* [WORK ORDER]: Using the listing below, please print exactly the lines from the one with "Altai Tavanbogd Natural Park" through the one with "Chevy Sonic Wiring". Leave out every picture.

* [DATASET CONTENT]:
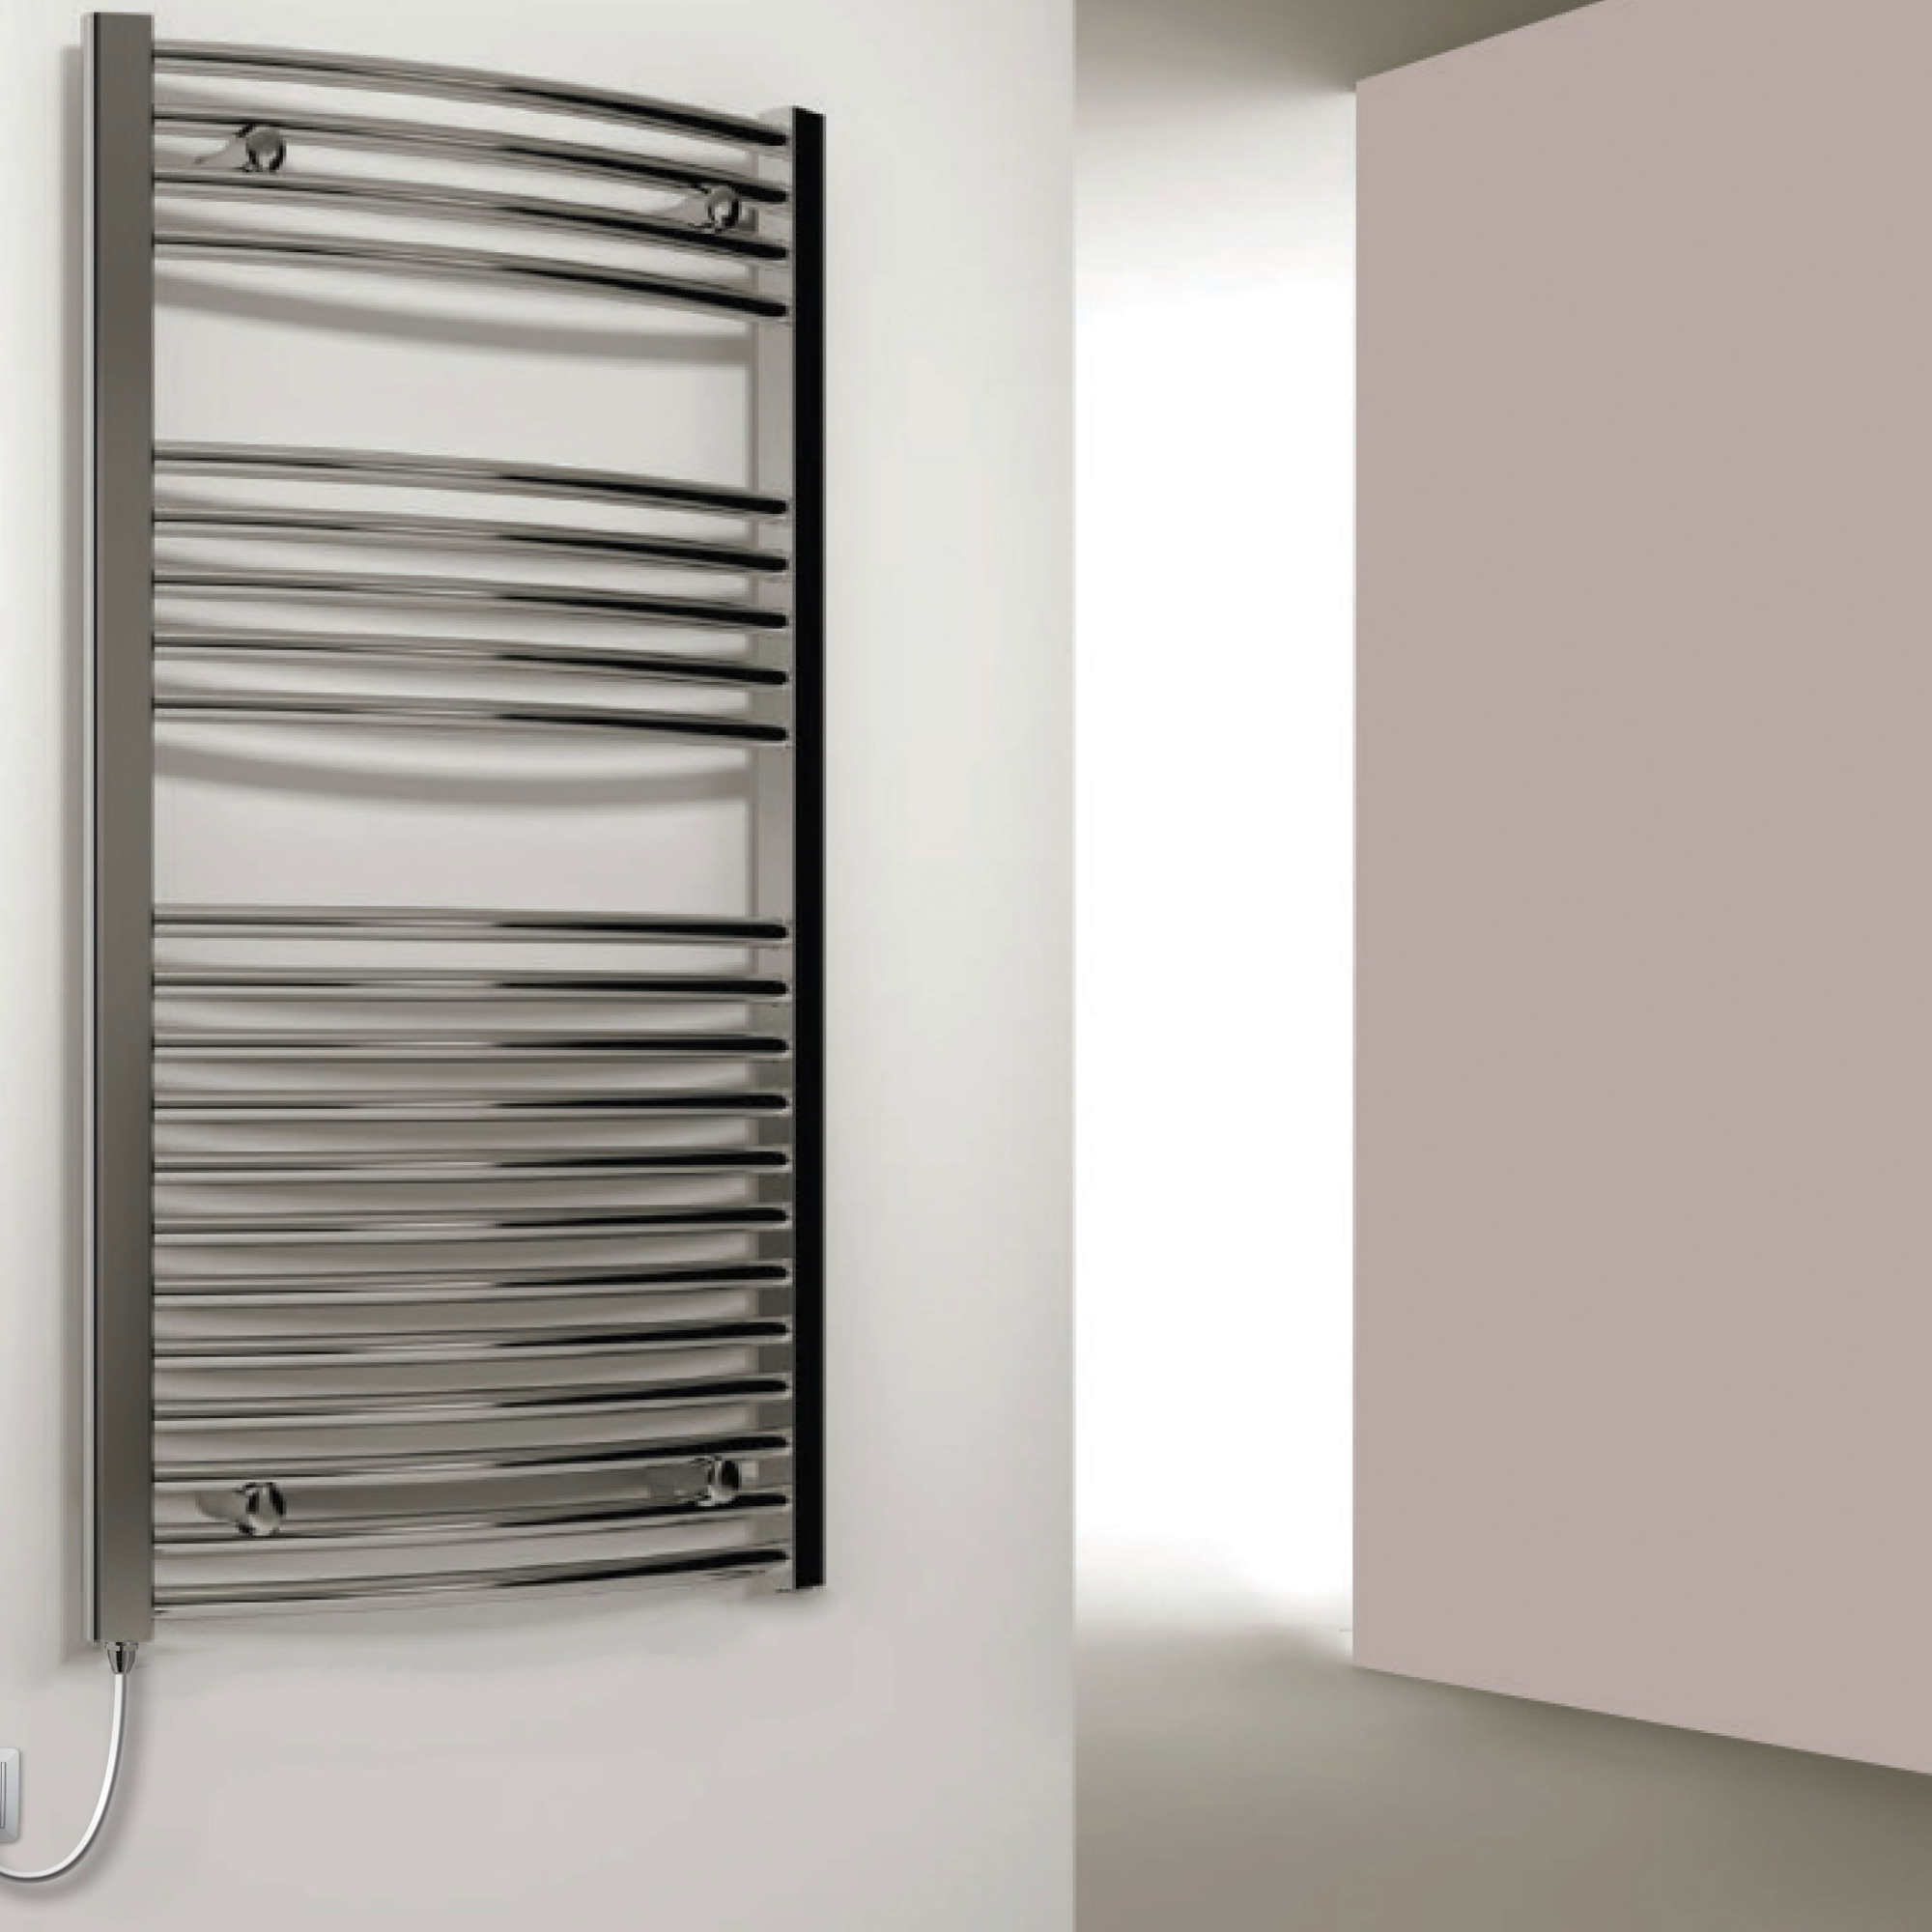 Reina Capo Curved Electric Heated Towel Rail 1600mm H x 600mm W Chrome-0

==

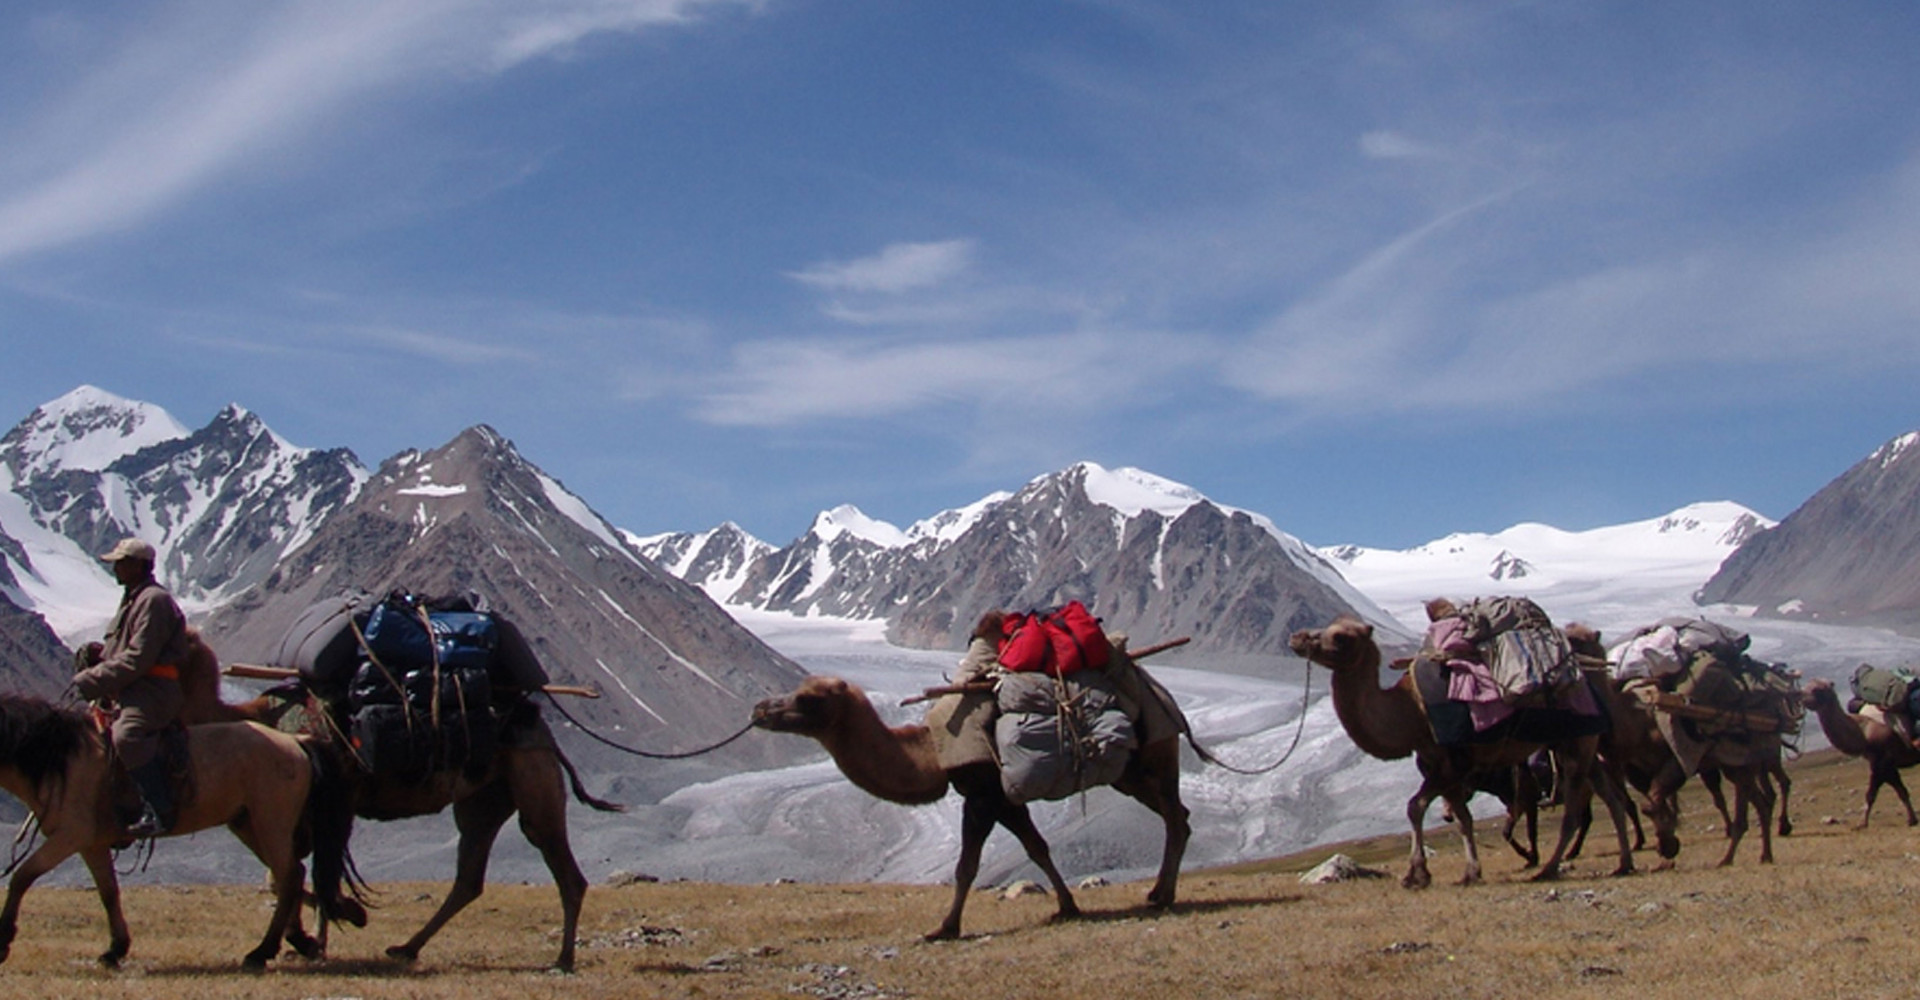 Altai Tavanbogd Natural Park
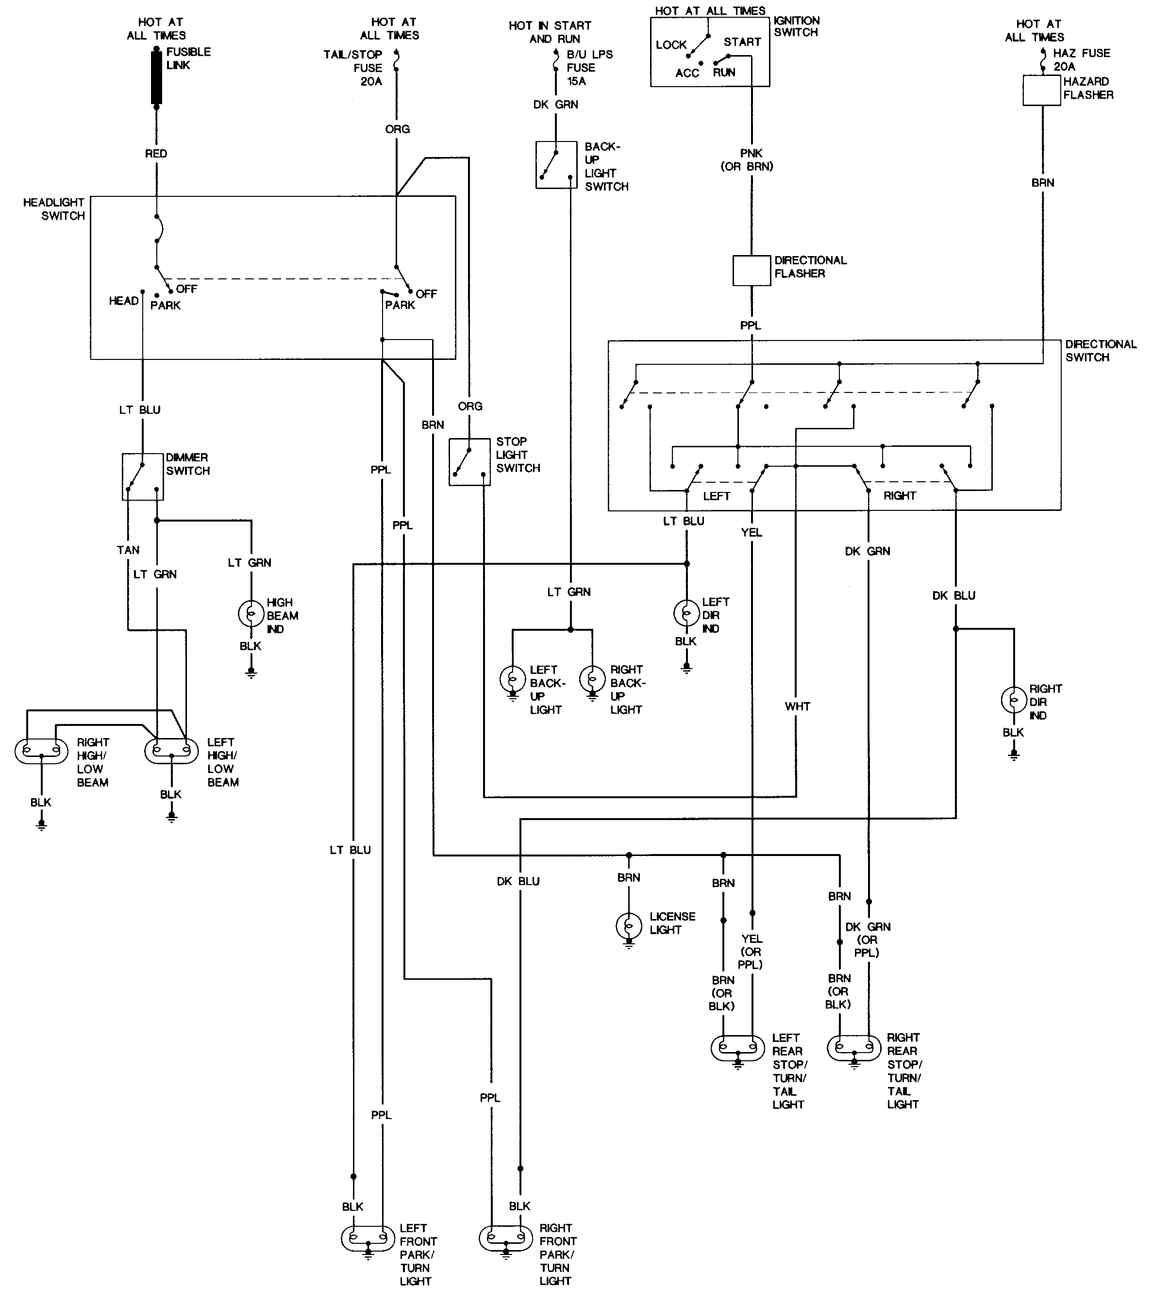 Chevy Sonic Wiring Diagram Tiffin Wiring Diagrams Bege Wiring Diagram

...

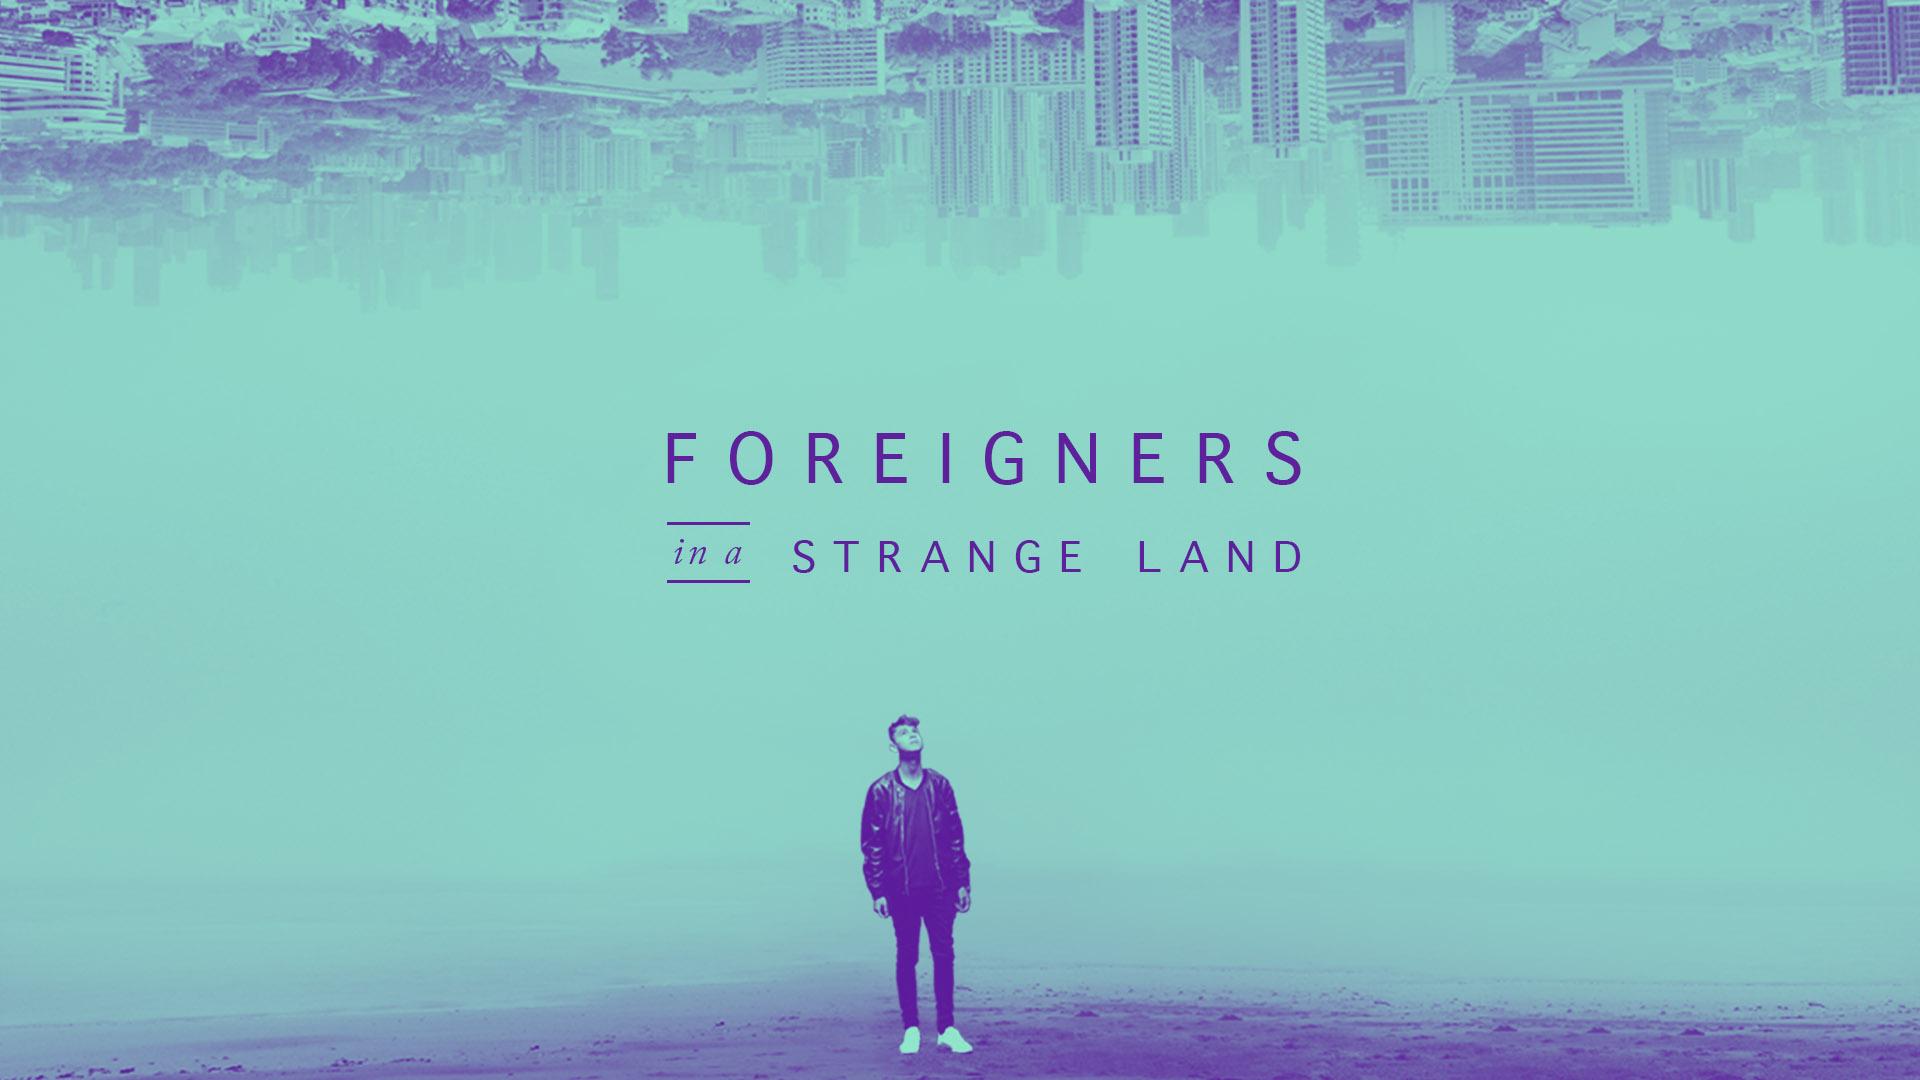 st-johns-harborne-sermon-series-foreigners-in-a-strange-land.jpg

* [RESPONSE TO THIS EXERCISE]:
 Altai Tavanbogd Natural Park
 Chevy Sonic Wiring Diagram Tiffin Wiring Diagrams Bege Wiring Diagram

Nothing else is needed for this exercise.